今日の目標は生田名人の大記録、「5時間で1000匹」を越えることだ。数えるのが大変そうだが。
しかし問題発生
足下の岩場を探すと、カニはすぐに見つかった。岩と岩の間にたくさんいる。
カニの目の前にエサを落とすと、カニはハサミを伸ばして襲いかかってくる。
糸を少しずつ引っ張ってカニをおびき寄せ、カニトリーナでパシッと挟もうとしたその時、問題が発生した。
カニトリーナが岩の隙間に入らないのだ。
この場所はカニトリーナに向いていない
この場所は、岩がぎっちりと並べられており、カニはそのわずかな隙間に身を隠している。そのため、こぶし大のスペースを必要とするカニトリーナが役に立たないのだ。
その上、ここのカニはあまりイカが好きではないらしく、掴んでも引っ張るとすぐに放してしまうので、カニがカニトリーナの射程距離に入ってこない。
どうやらカニトリーナは万能という訳ではなく、使いやすい場所と使いにくい場所があるようだ。

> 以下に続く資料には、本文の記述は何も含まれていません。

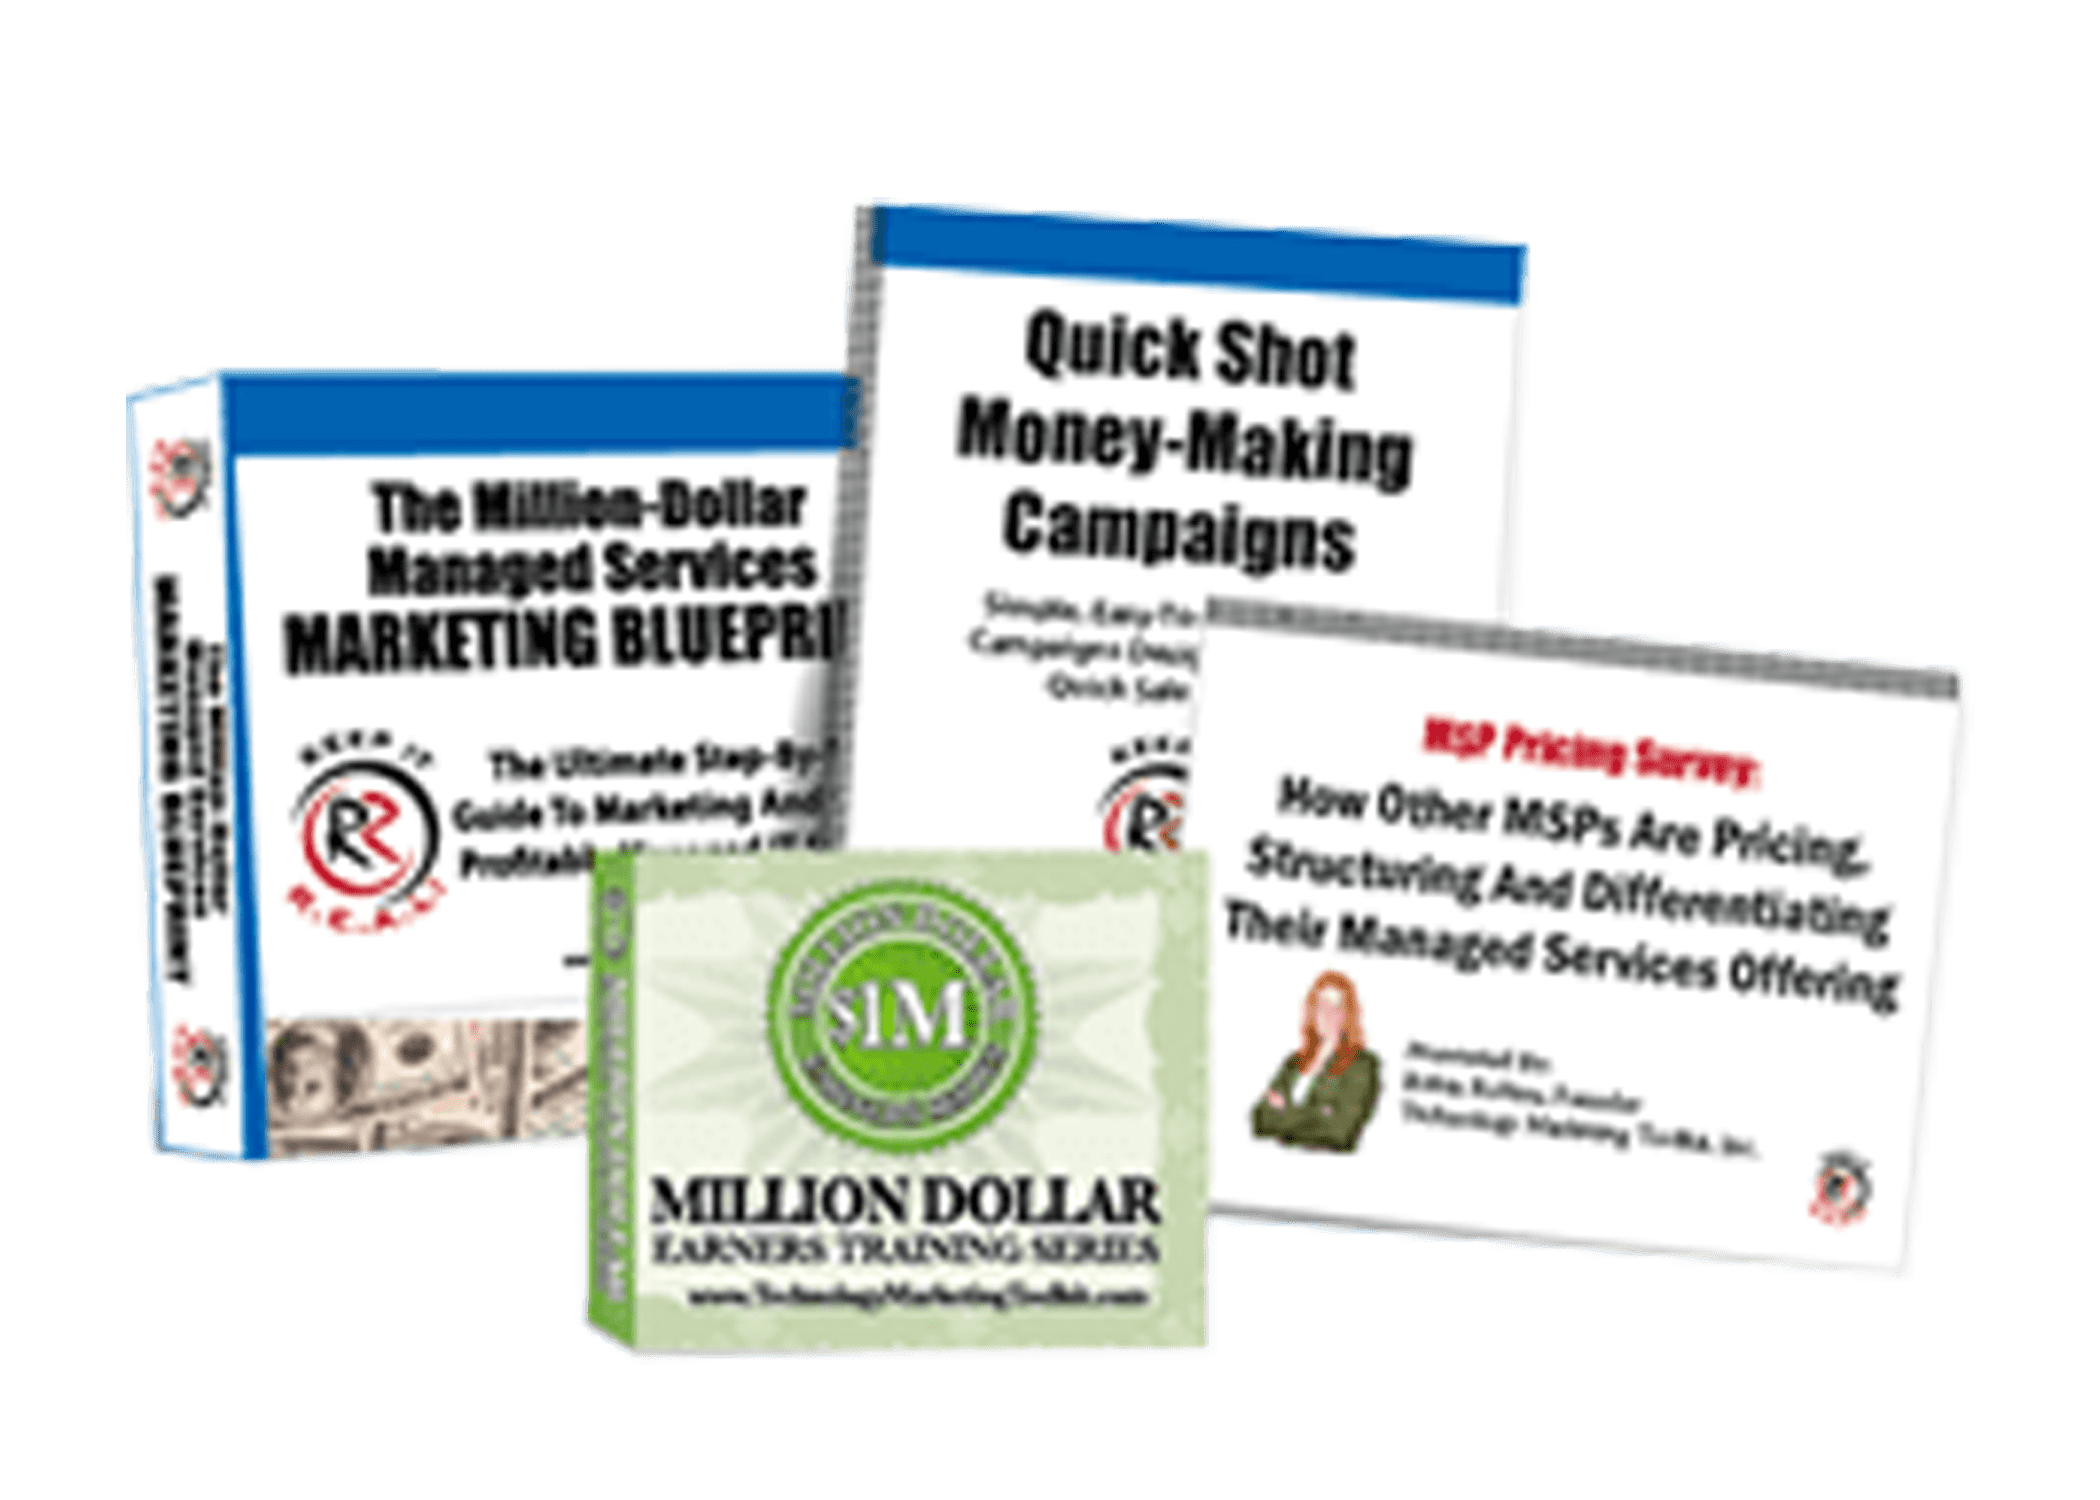 The Million-Dollar Managed Services Marketing Blueprint   Robin Robins

残念ながら、ここみたいに岩の隙間が狭く深いような場所には向いていない。
とはいっても、一匹くらいつかまえないと開発者の生田名人に申し訳ないと、1時間ばかりカニを追いかけ回したのだが…
もう手づかみでいいか
生田名人、ごめんなさい。頑張ったけれど無理でした。
だがしかし、わざわざ海まで来てカニの一匹もとれないとあっては末代までの恥。
カニトリーナは置いておいて、革の手袋をして手づかみでカニをとることにした。
やはり慣れない道具よりも手づかみのほうが性に合っているようで、カニはあっさりつかまえられた。
どうにかカニはつかまえられたけれど、今回はカニトリーナ3本勝負なので、手づかみは明らかなルール違反。よってこの勝負は私の反則負け。
試合に負けて勝負に勝ったというところか。カニ相手に。
カニトリーナ3本勝負、二勝一敗でした。
やっぱり悔しいので再試合してきた
カニ相手に負けたままでは悔しいので、日を改めて生田名人のホームグラウンドである城南島海浜公園にいってきた。
ここのカニは非常にアグレッシブで、イカに対しての反応がすこぶるよく、簡単にカニを捕まえることができた。最初からここにくればよかった。カニとり、とれればすごい楽しい。
ありがとう、生田名人。今度どこかで会いましょう。